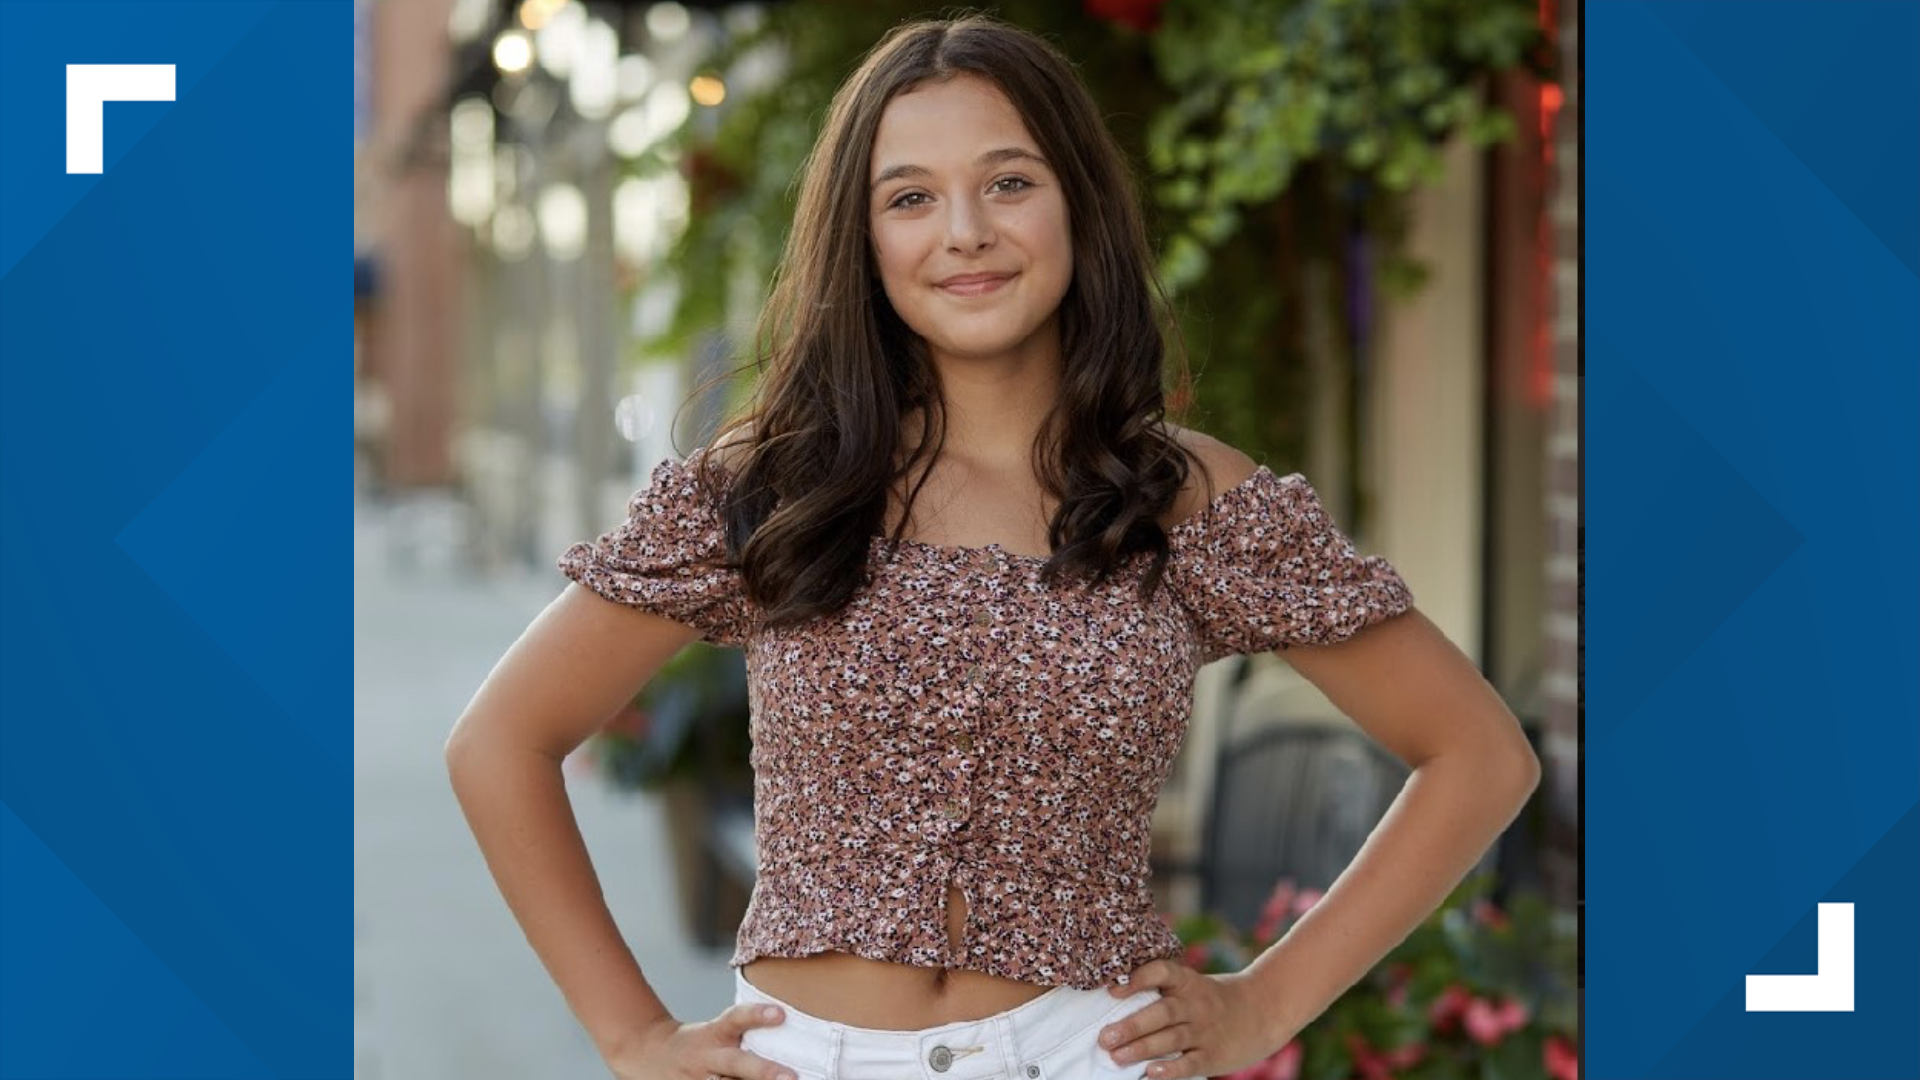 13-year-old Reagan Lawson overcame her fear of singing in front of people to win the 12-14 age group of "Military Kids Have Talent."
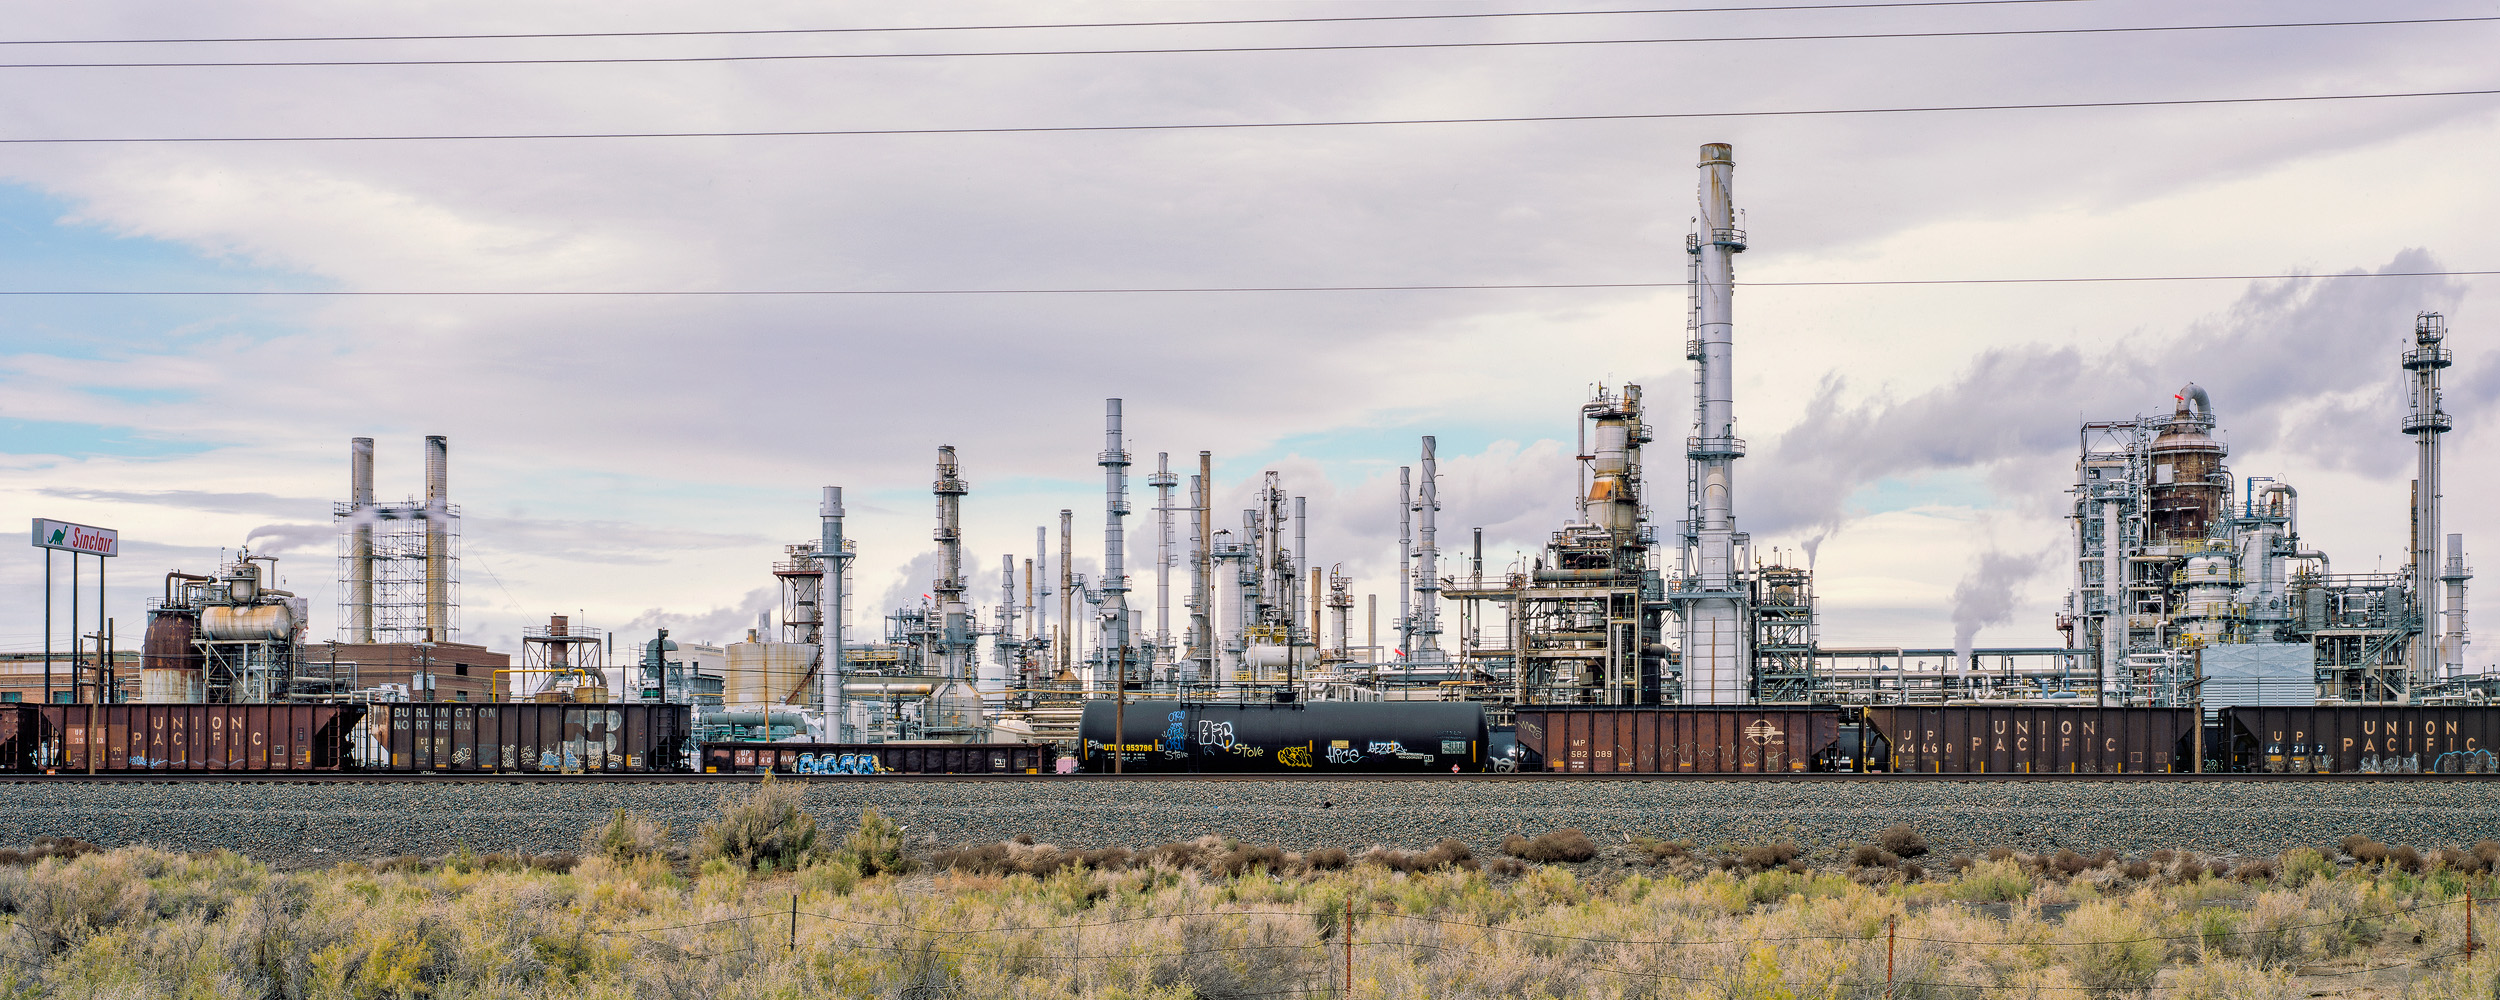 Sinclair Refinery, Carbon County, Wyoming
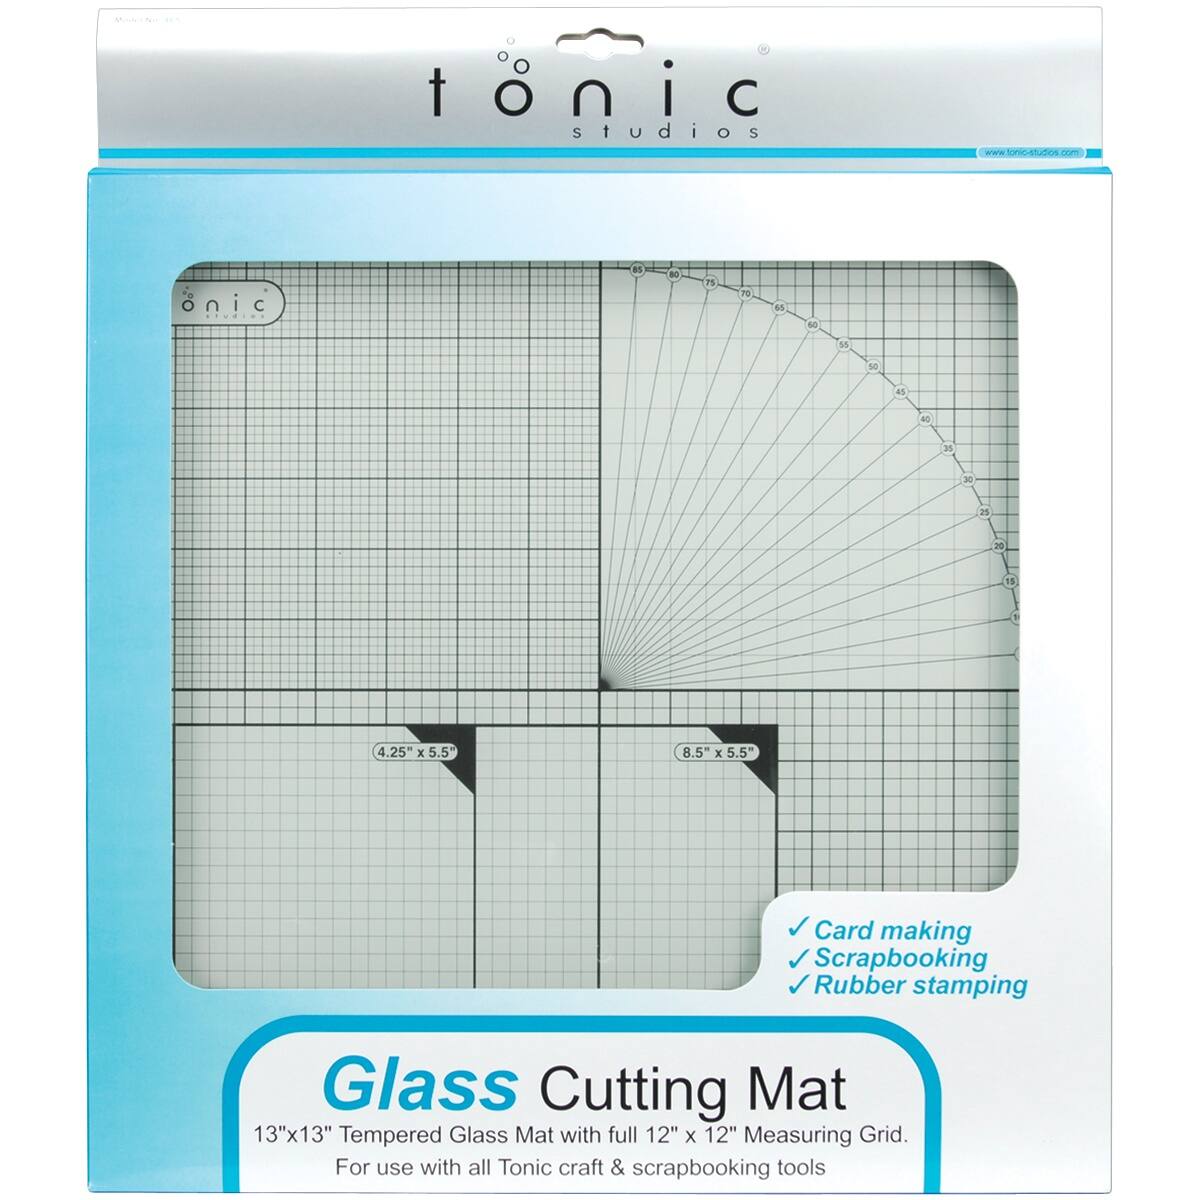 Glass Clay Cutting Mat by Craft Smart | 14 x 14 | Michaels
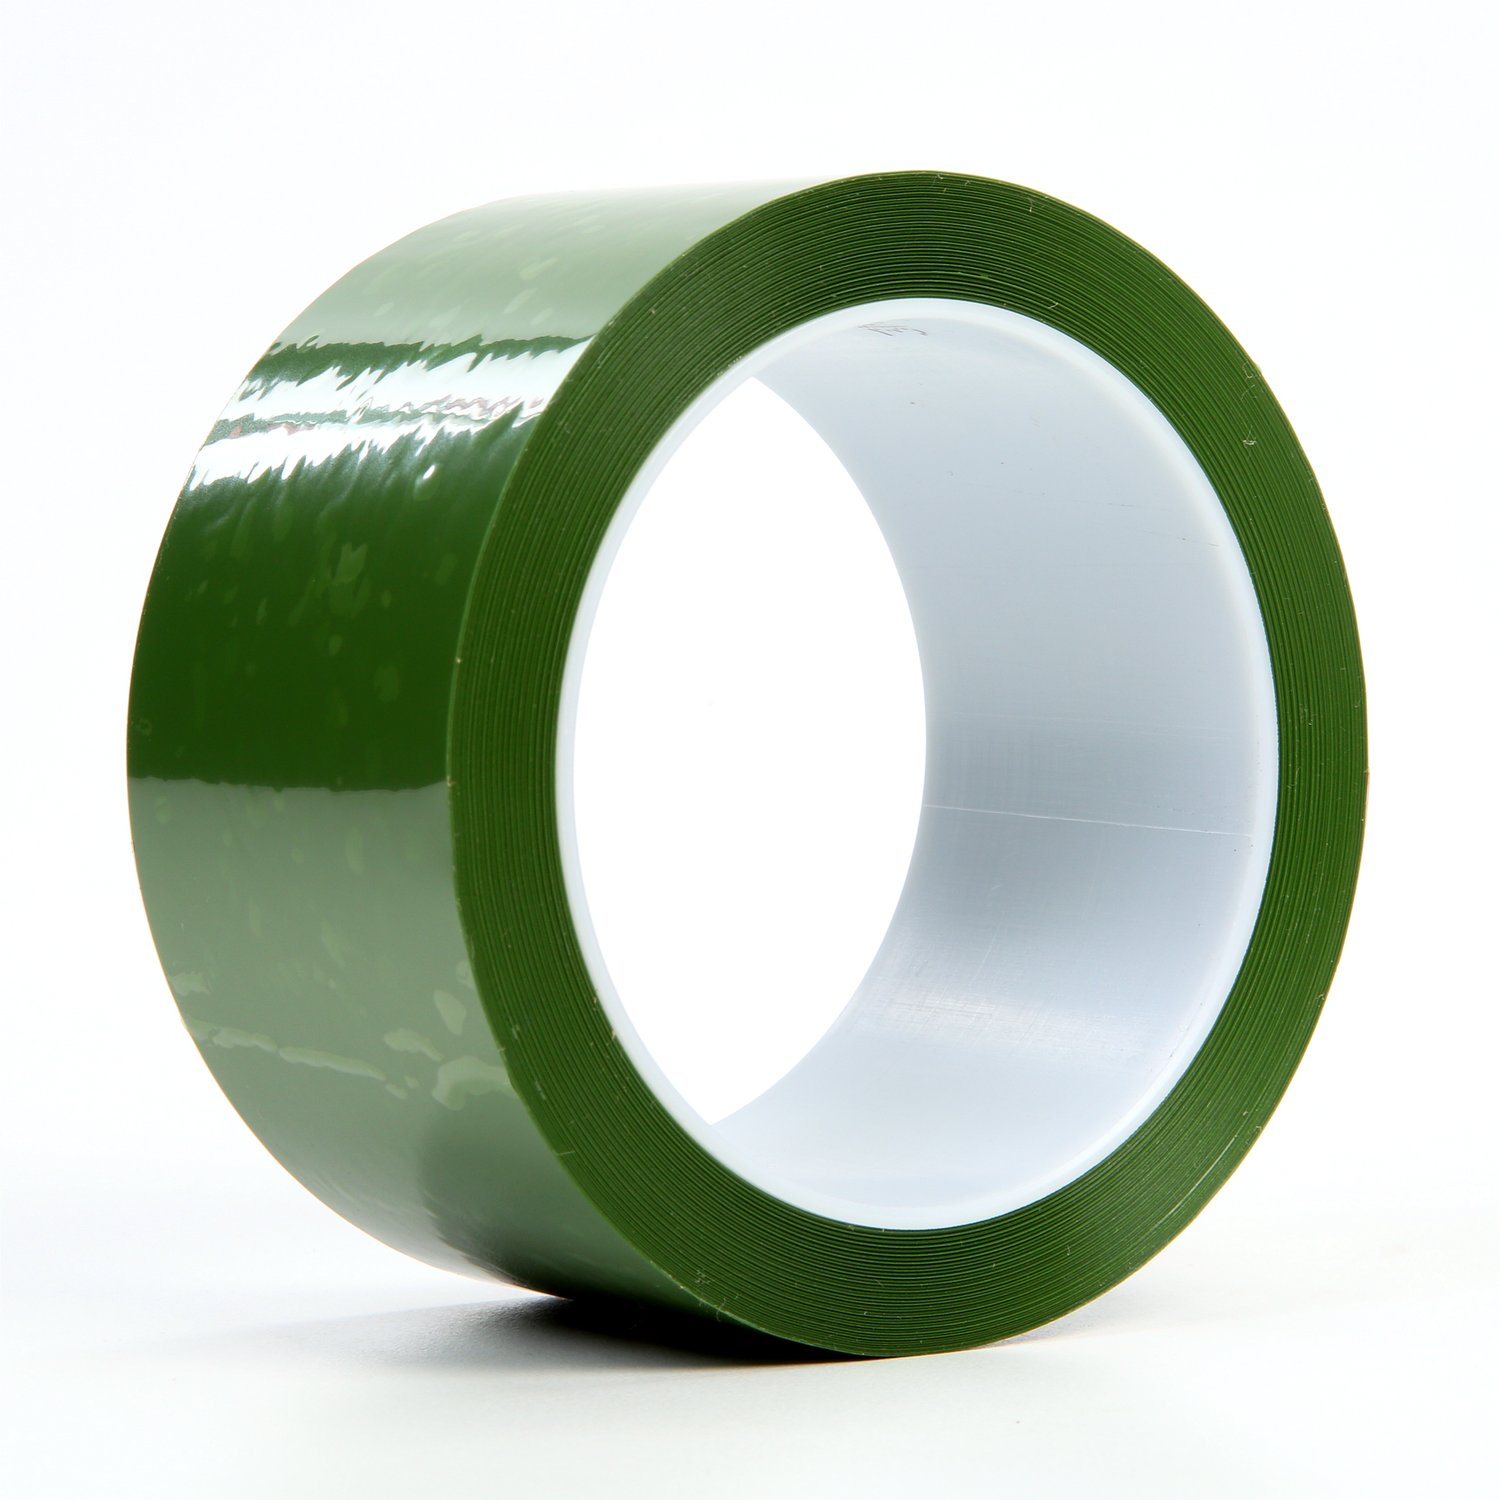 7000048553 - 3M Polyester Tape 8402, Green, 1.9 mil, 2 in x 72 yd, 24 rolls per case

◆ ◆ ◆ ◆ ◆ ◆ ◆

§ Prompt
From the material above, copy everything exactly but the pictures.

§ Response to the task
 13-year-old Reagan Lawson overcame her fear of singing in front of people to win the 12-14 age group of "Military Kids Have Talent."
 Sinclair Refinery, Carbon County, Wyoming
 Glass Clay Cutting Mat by Craft Smart | 14 x 14 | Michaels
 7000048553 - 3M Polyester Tape 8402, Green, 1.9 mil, 2 in x 72 yd, 24 rolls per case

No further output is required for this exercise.